Blockade of the PD1 pathway is a broadly effective cancer therapy, but additional immune-inhibitory pathways contribute to tumor immune evasion. HERV-H LTR-associating 2 (HHLA2; also known as B7H5 and B7H7) is a member of the B7 family of immunoregulatory ligands that mediates costimulatory effects through its interaction with the CD28 family member transmembrane and immunoglobulin domain containing 2 (TMIGD2). However, HHLA2 has also been known to have inhibitory effects on T cells. Here, we report that we have identified killer cell immunoglobulin-like receptor, three immunoglobulin domains and long cytoplasmic tail 3 (KIR3DL3) as an inhibitory receptor for HHLA2 in T cells and natural killer (NK) cells and have generated HHLA2 and KIR3DL3 antibodies that block the immune-inhibitory activity of HHLA2, preserving the costimulatory signal. It is known that HHLA2 is frequently expressed in several tumor types, including clear cell renal cell carcinoma (ccRCC). We found that HHLA2 expression was nonoverlapping with PDL1 expression in ccRCC, suggesting that HHLA2 mediates a mechanism of tumor immune evasion that is independent from PDL1. Blockade of both the PD1 and KIR3DL3 pathways may be a more effective way to reverse tumor immune evasion.See related Spotlight on p. 128.

PD-L1 Binds to B7-1 Only In Cis on the Same Cell Surface.

Programmed death ligand 1 (PD-L1)-mediated immunosuppression regulates peripheral tolerance and is often co-opted by tumors to evade immune attack. PD-L1 binds to PD-1 but also binds to B7-1 (CD80) to regulate T-cell function.
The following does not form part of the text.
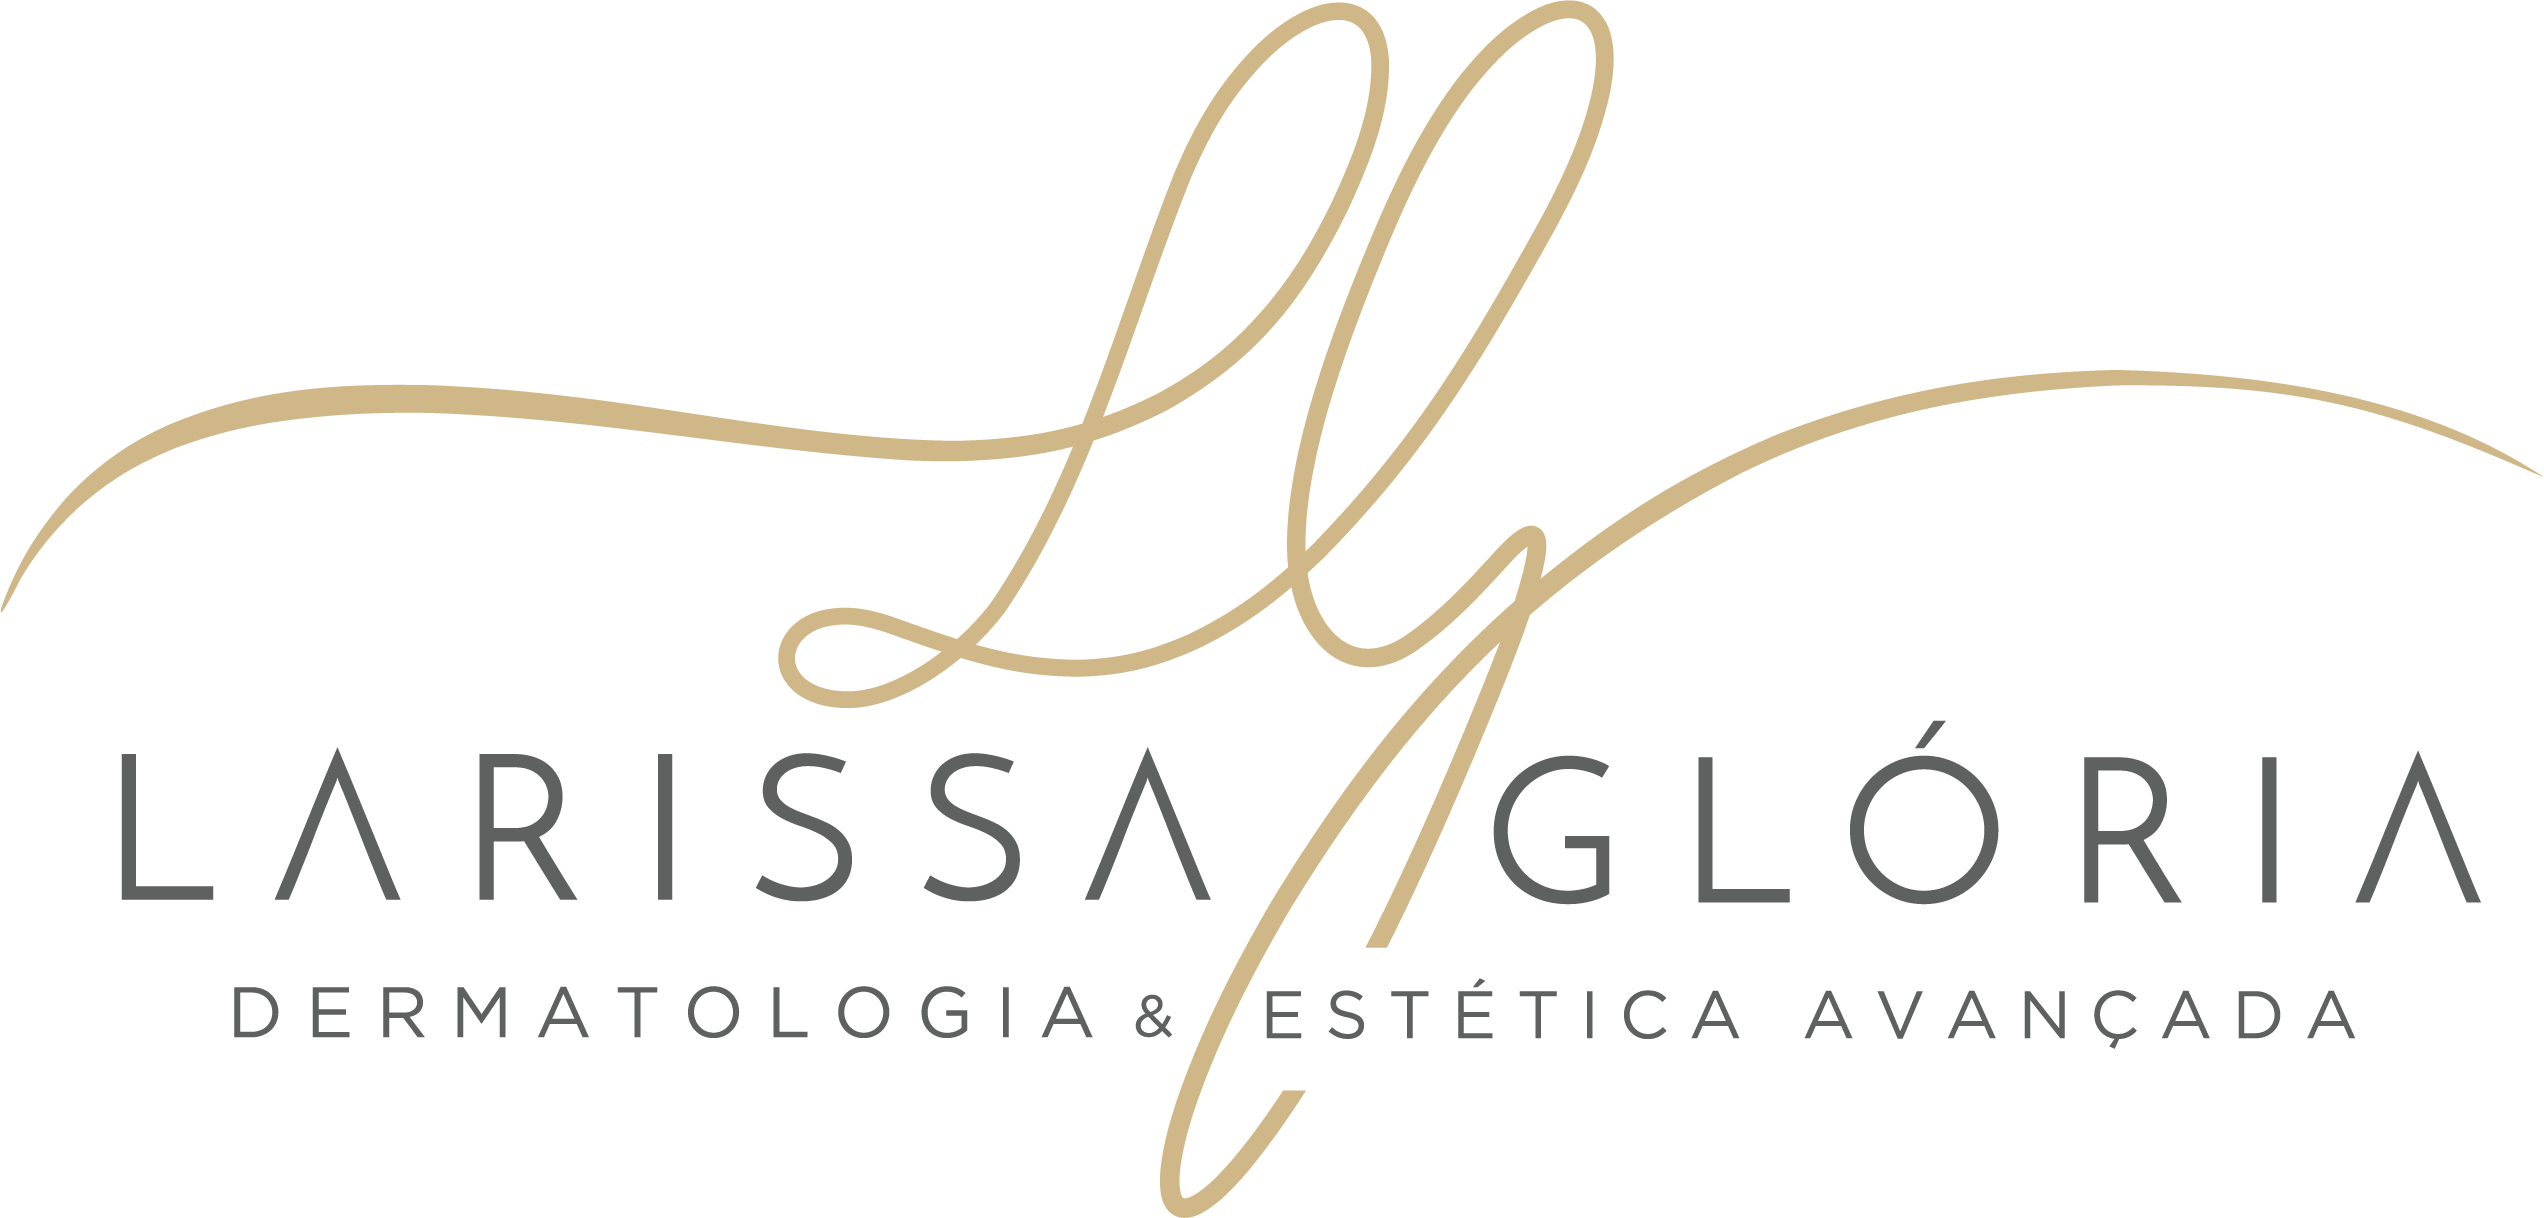 Clínica Larissa Glória Dermatologista João Pessoa PB

The binding interaction of PD-L1 with B7-1 and its functional role need further investigation to understand differences between PD-1 and PD-L1 tumor immunotherapy. We examined the molecular orientation of PD-L1 binding to B7-1 using cell-to-cell binding assays, ELISA, and flow cytometry. As expected, PD-L1-transfected cells bound to PD-1-transfected cells, and B7-1 cells bound to CD28 or CTLA-4-transfected cells; however, PD-L1 cells did not bind to B7-1 cells. By ELISA and flow cytometry with purified proteins, we found PD-L1 and B7-1 had a strong binding interaction only when PD-L1 was flexible. Soluble PD-1 and B7-1 competed for binding to PD-L1. Binding of native PD-L1 and B7-1 in cis on the same cell surface was demonstrated with NanoBiT proximity assays. Thus, PD-L1-B7-1 interaction can occur in cis on the same cell but not in trans between two cells, which suggests a model in which PD-L1 can bend via its 11-amino acid, flexible stalk to bind to B7-1 in cis, in a manner that can competitively block the binding of PD-L1 to PD-1 or of B7-1 to CD28. This binding orientation emphasizes the functional importance of coexpression of PD-L1 and B7-1 on the same cell. We found such coexpression on tumor-infiltrating myeloid cells. Our findings may help better utilize these pathways in cancer immunotherapy. Cancer Immunol Res; 6(8); 921-9. ©2018 AACR.